DATASET EXTRACT:
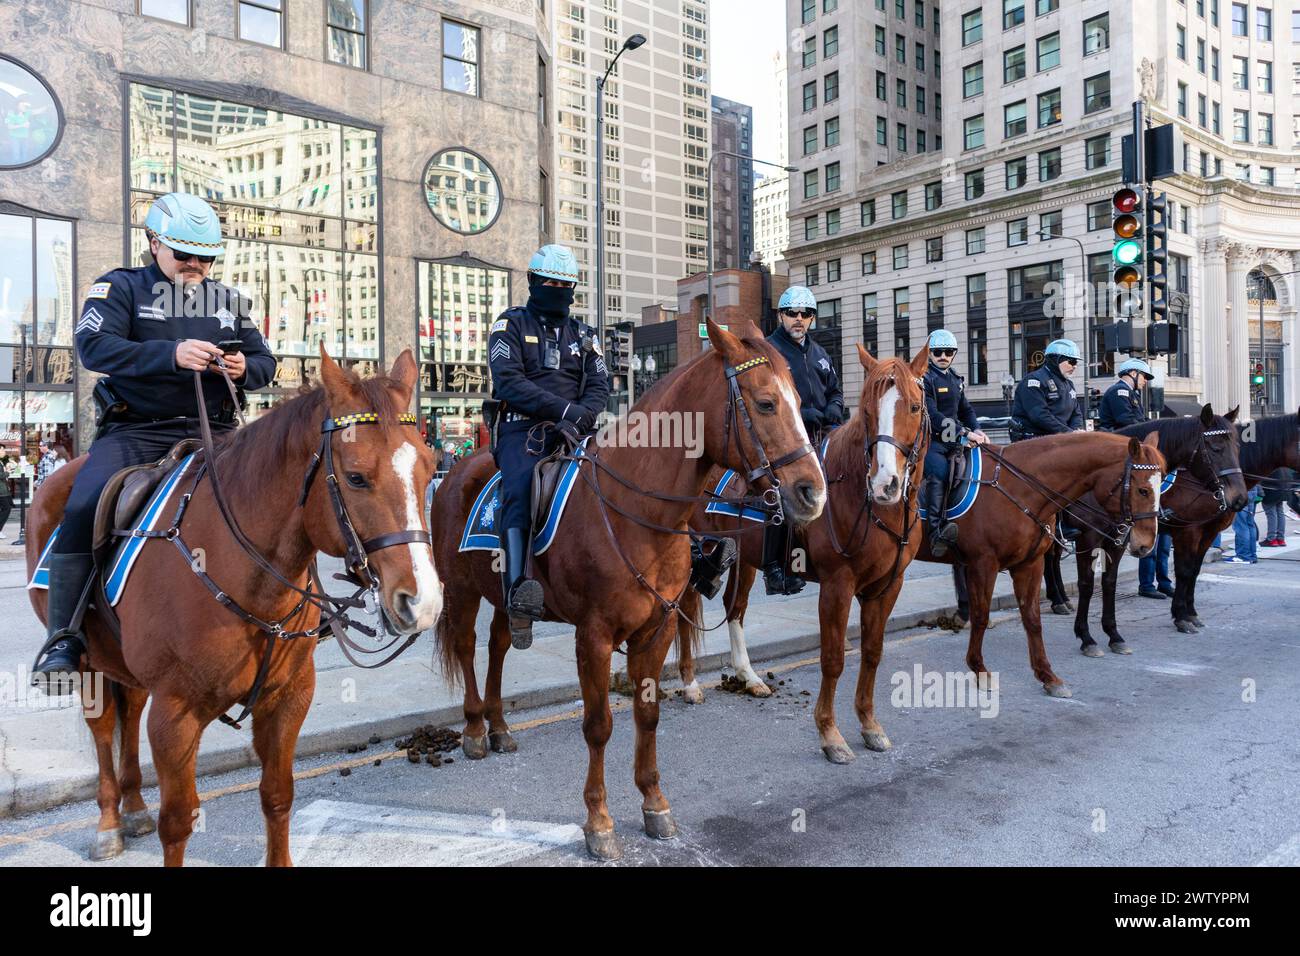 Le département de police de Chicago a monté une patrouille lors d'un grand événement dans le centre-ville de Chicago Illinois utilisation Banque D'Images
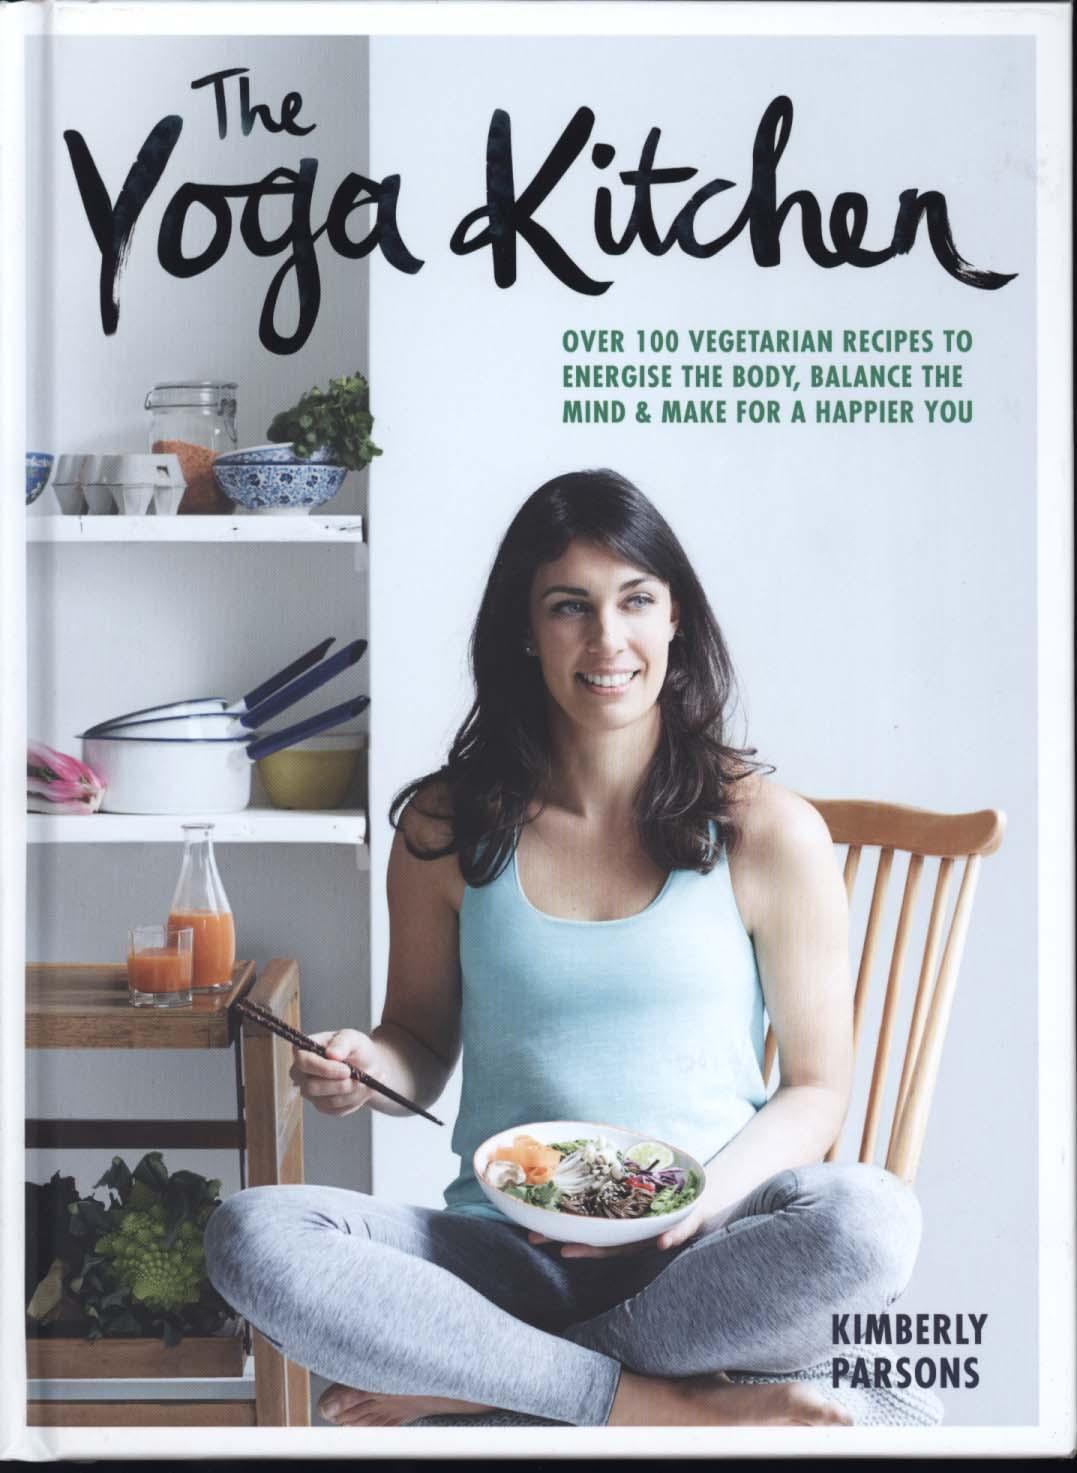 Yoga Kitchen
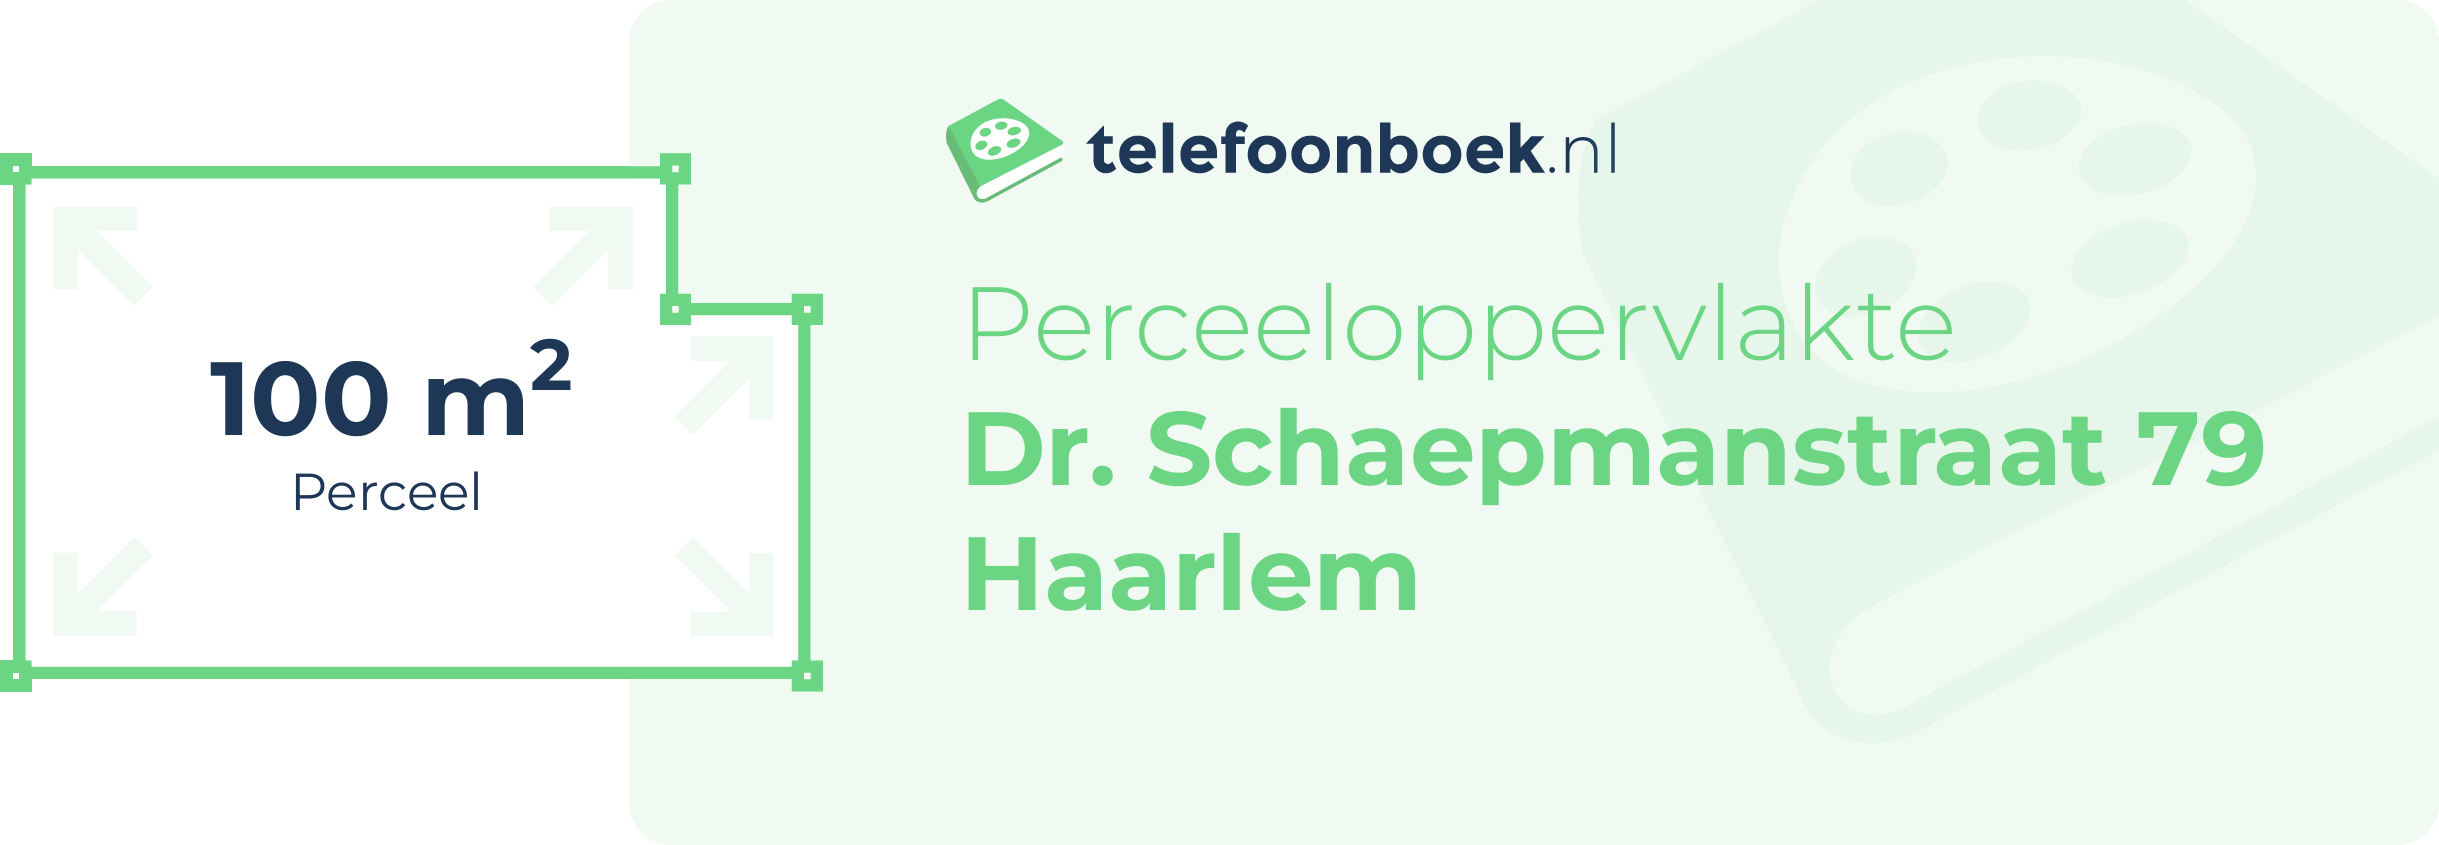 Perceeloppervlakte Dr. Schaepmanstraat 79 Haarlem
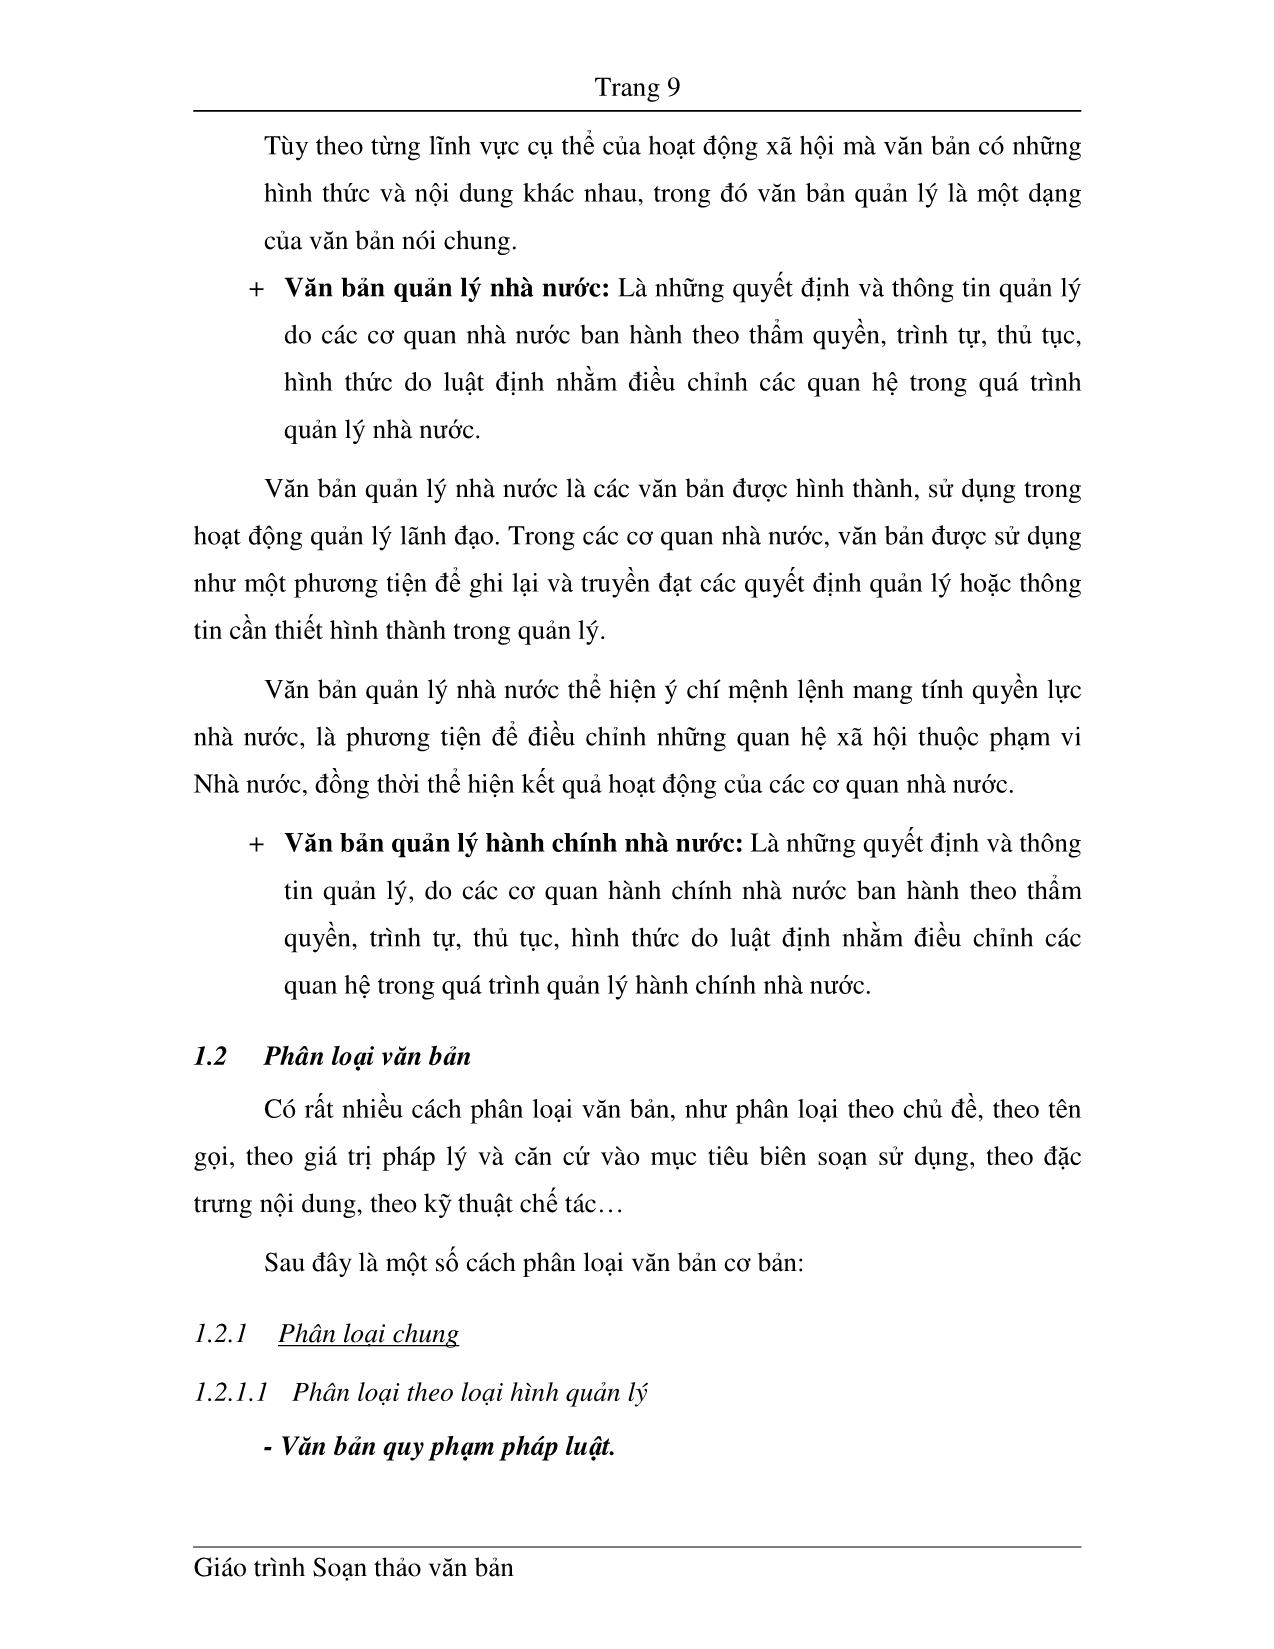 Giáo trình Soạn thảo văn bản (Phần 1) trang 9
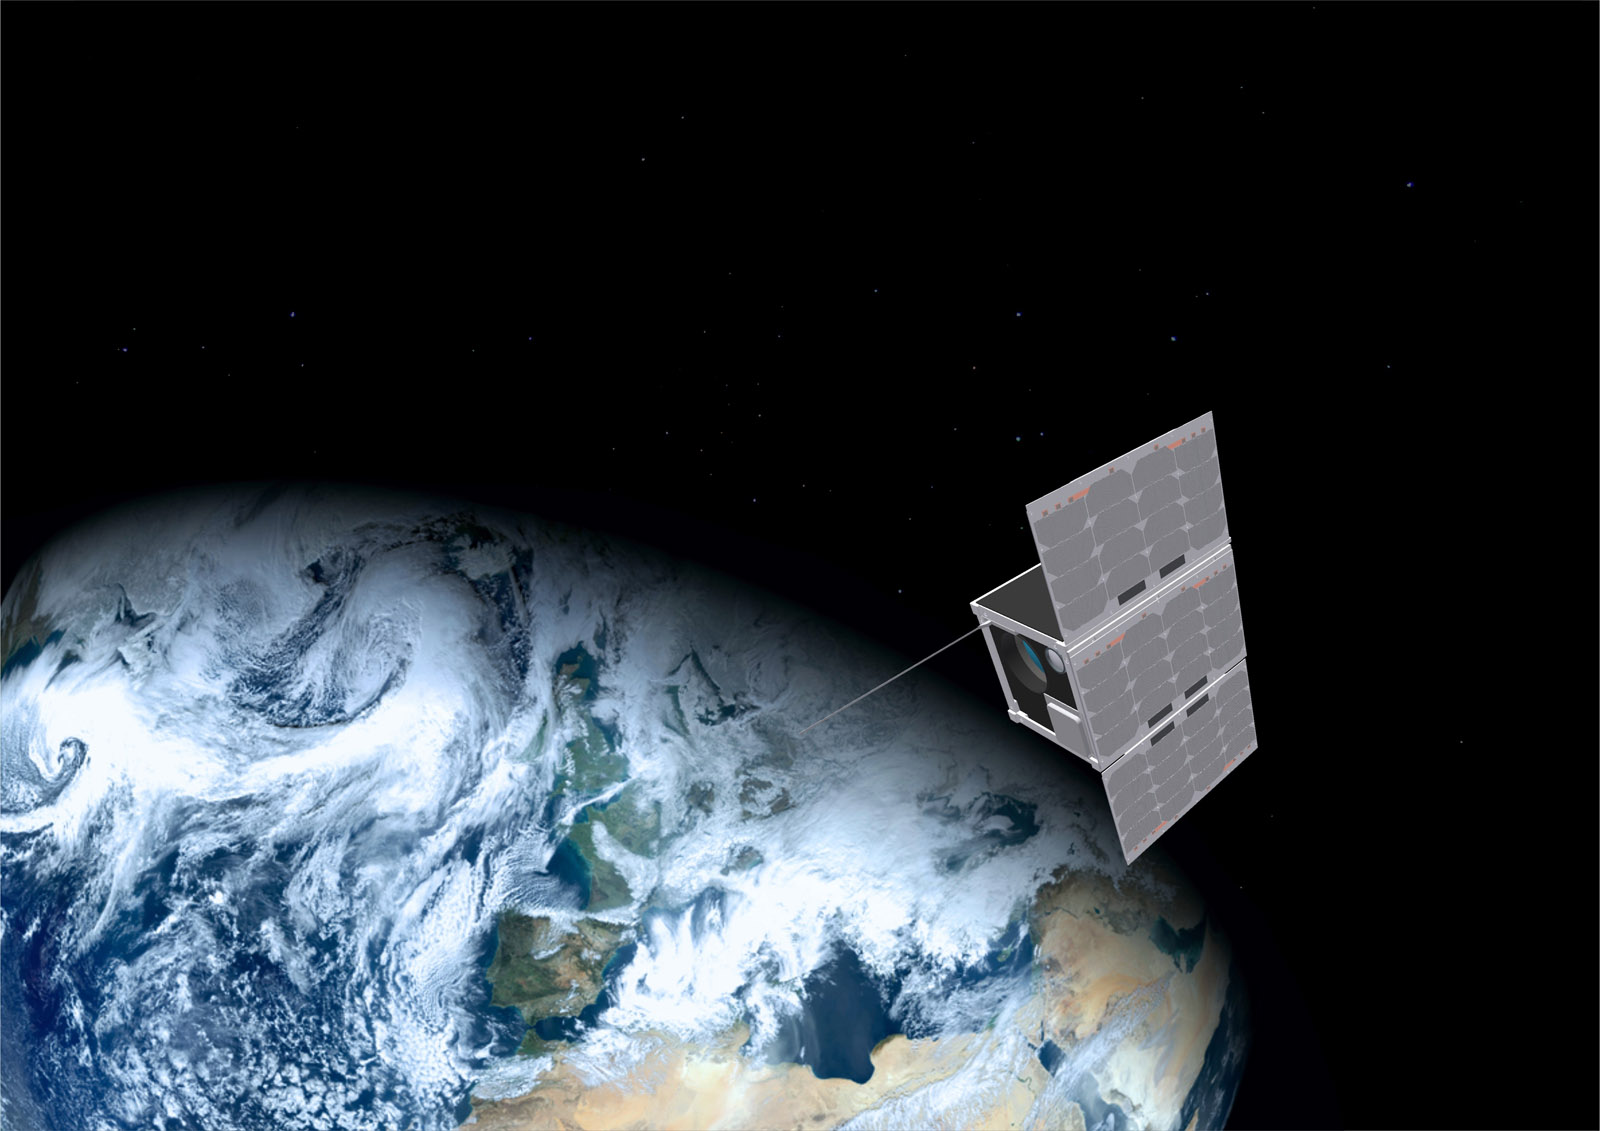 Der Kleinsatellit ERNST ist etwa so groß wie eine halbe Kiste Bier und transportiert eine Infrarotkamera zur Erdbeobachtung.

ABOUT THIS TASK: Please reproduce the lines above from the one containing "Yoga Kitchen" through the final line, exactly and inclusively, leaving out each picture.

RESULT:
 Yoga Kitchen
 Perceeloppervlakte Dr. Schaepmanstraat 79 Haarlem
 Giáo trình Soạn thảo văn bản (Phần 1) trang 9
 Der Kleinsatellit ERNST ist etwa so groß wie eine halbe Kiste Bier und transportiert eine Infrarotkamera zur Erdbeobachtung.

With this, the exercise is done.